__ACTIVITY__
The listing below must be repeated word for word, without its pictures.
BEGIN RECORDED INFORMATION
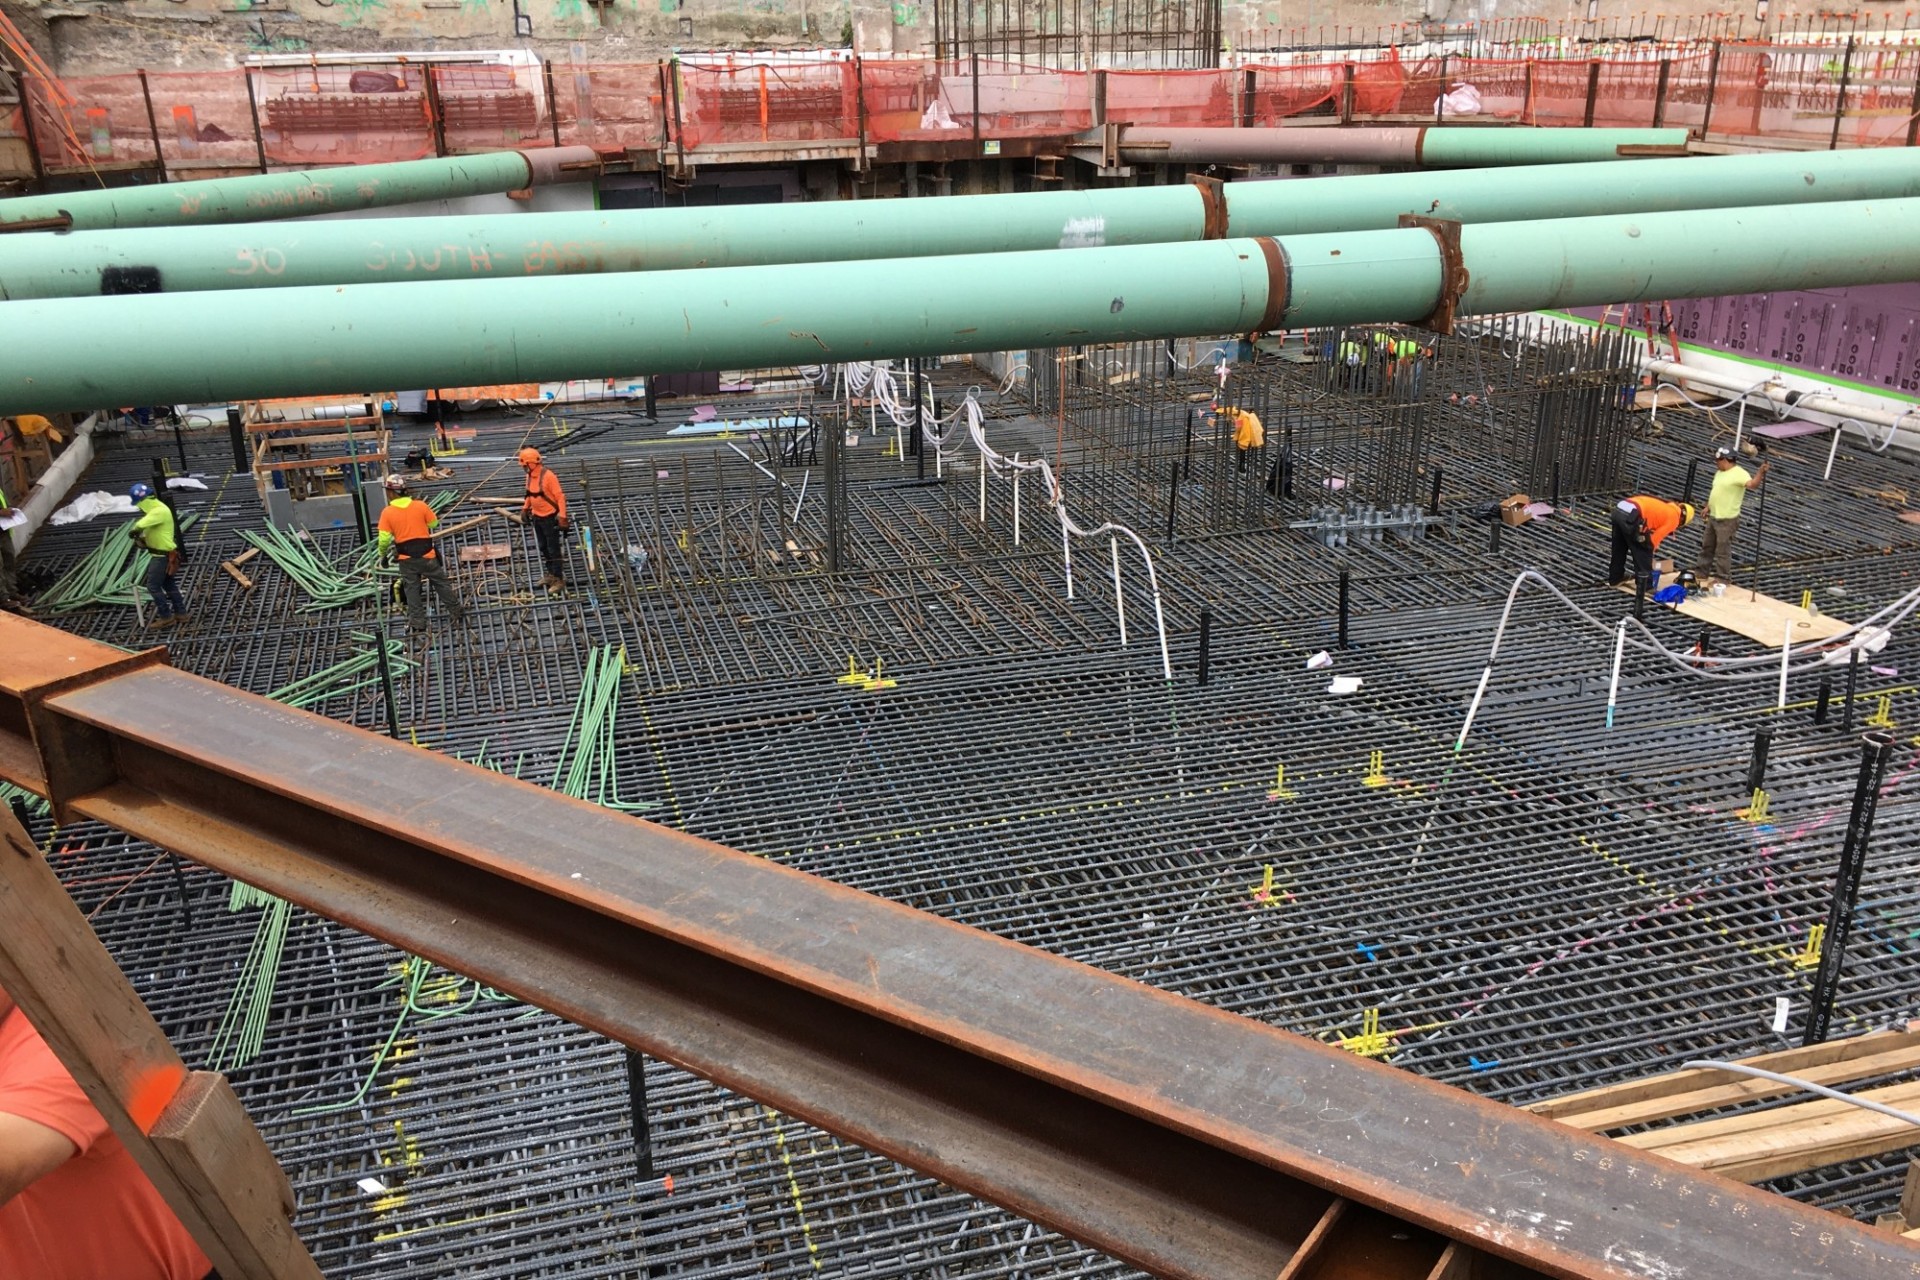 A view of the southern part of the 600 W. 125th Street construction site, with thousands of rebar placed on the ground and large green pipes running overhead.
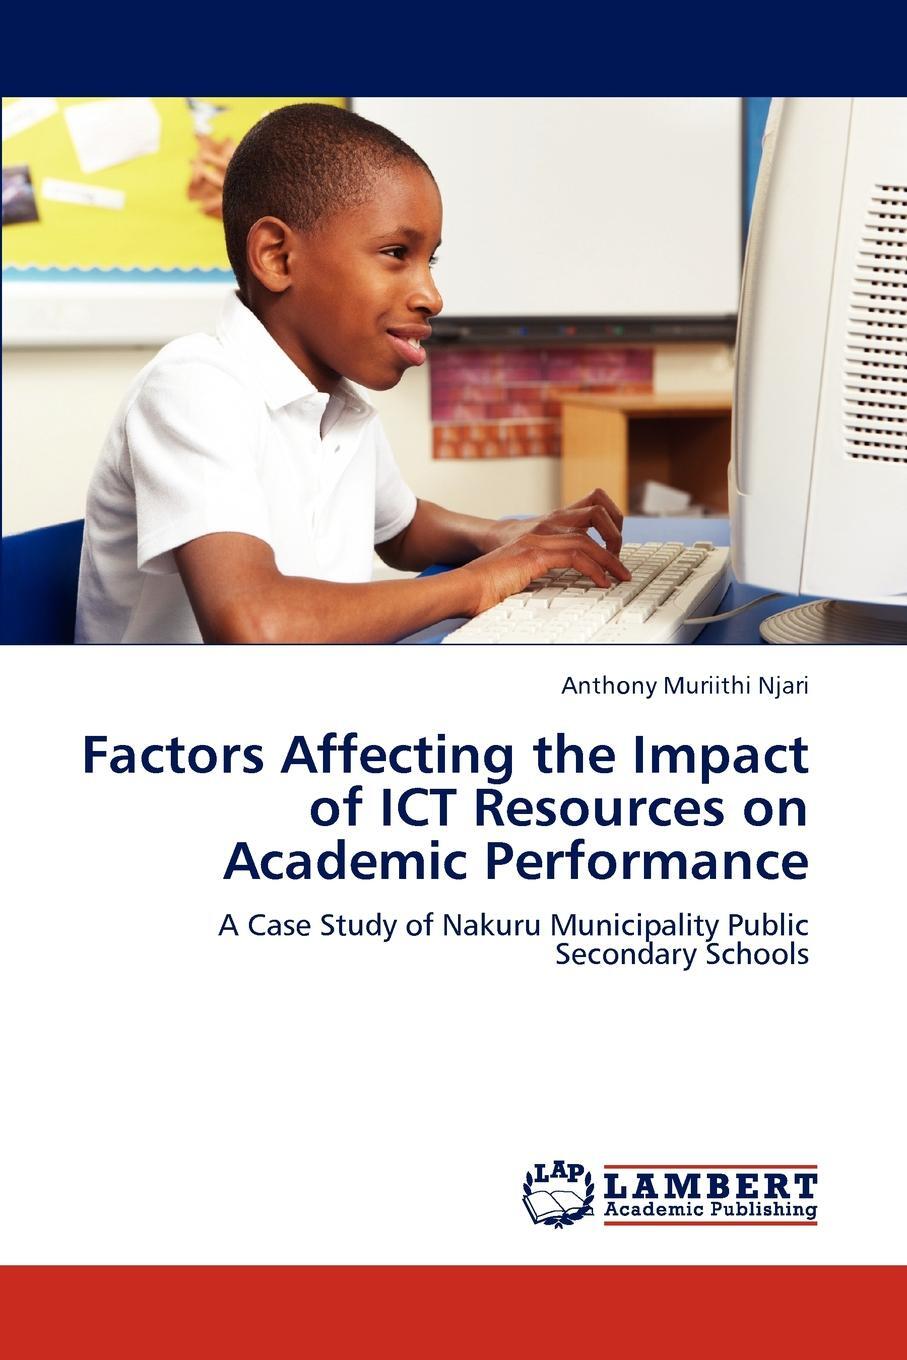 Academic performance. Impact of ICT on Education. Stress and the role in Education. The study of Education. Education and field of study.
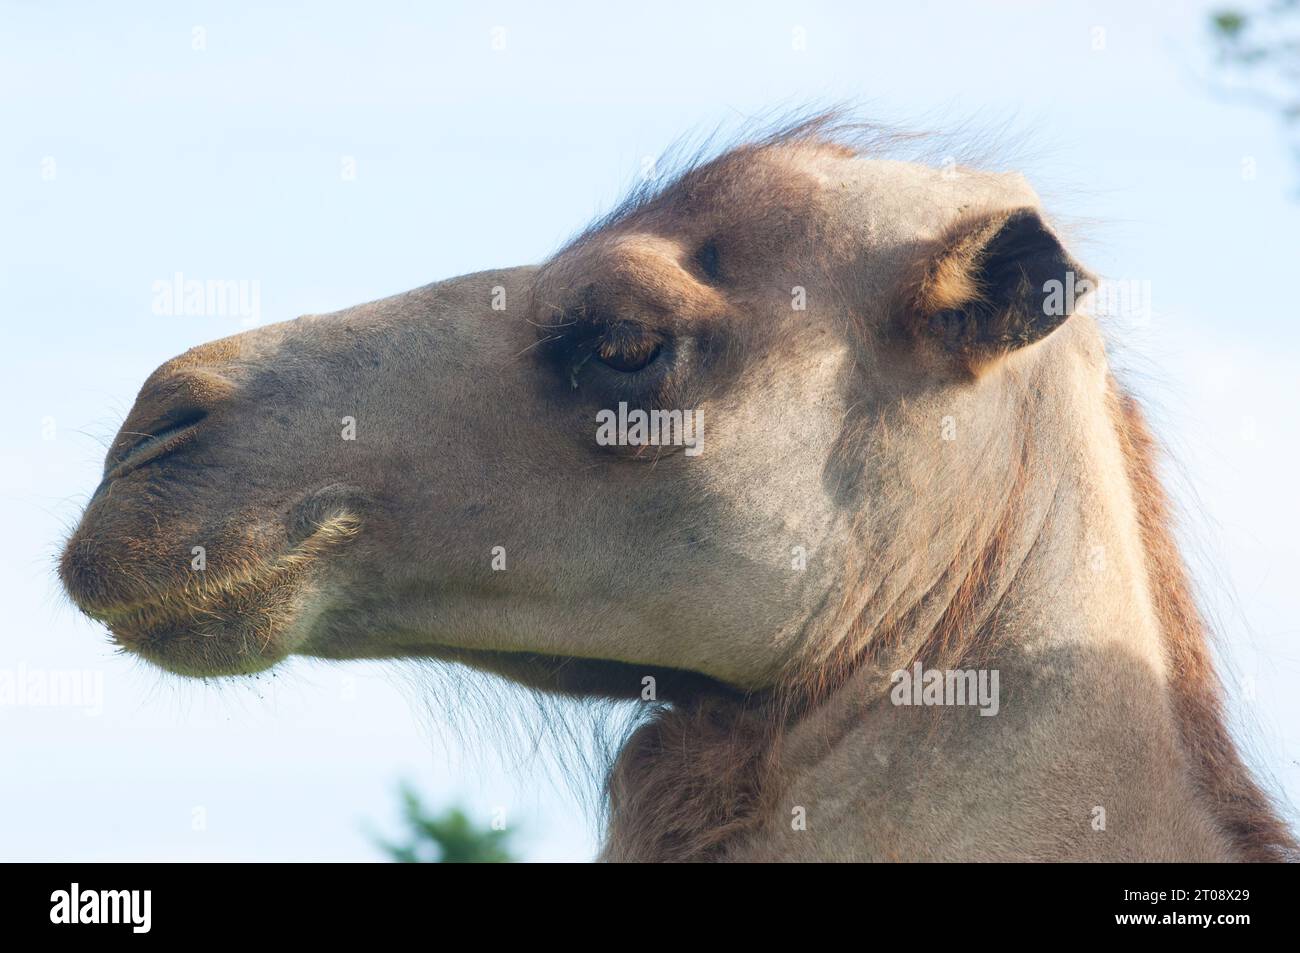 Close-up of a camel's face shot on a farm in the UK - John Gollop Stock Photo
END RECORDED INFORMATION
__OUTPUT FOR THIS TASK__
 A view of the southern part of the 600 W. 125th Street construction site, with thousands of rebar placed on the ground and large green pipes running overhead.
 Academic performance. Impact of ICT on Education. Stress and the role in Education. The study of Education. Education and field of study.
 Close-up of a camel's face shot on a farm in the UK - John Gollop Stock Photo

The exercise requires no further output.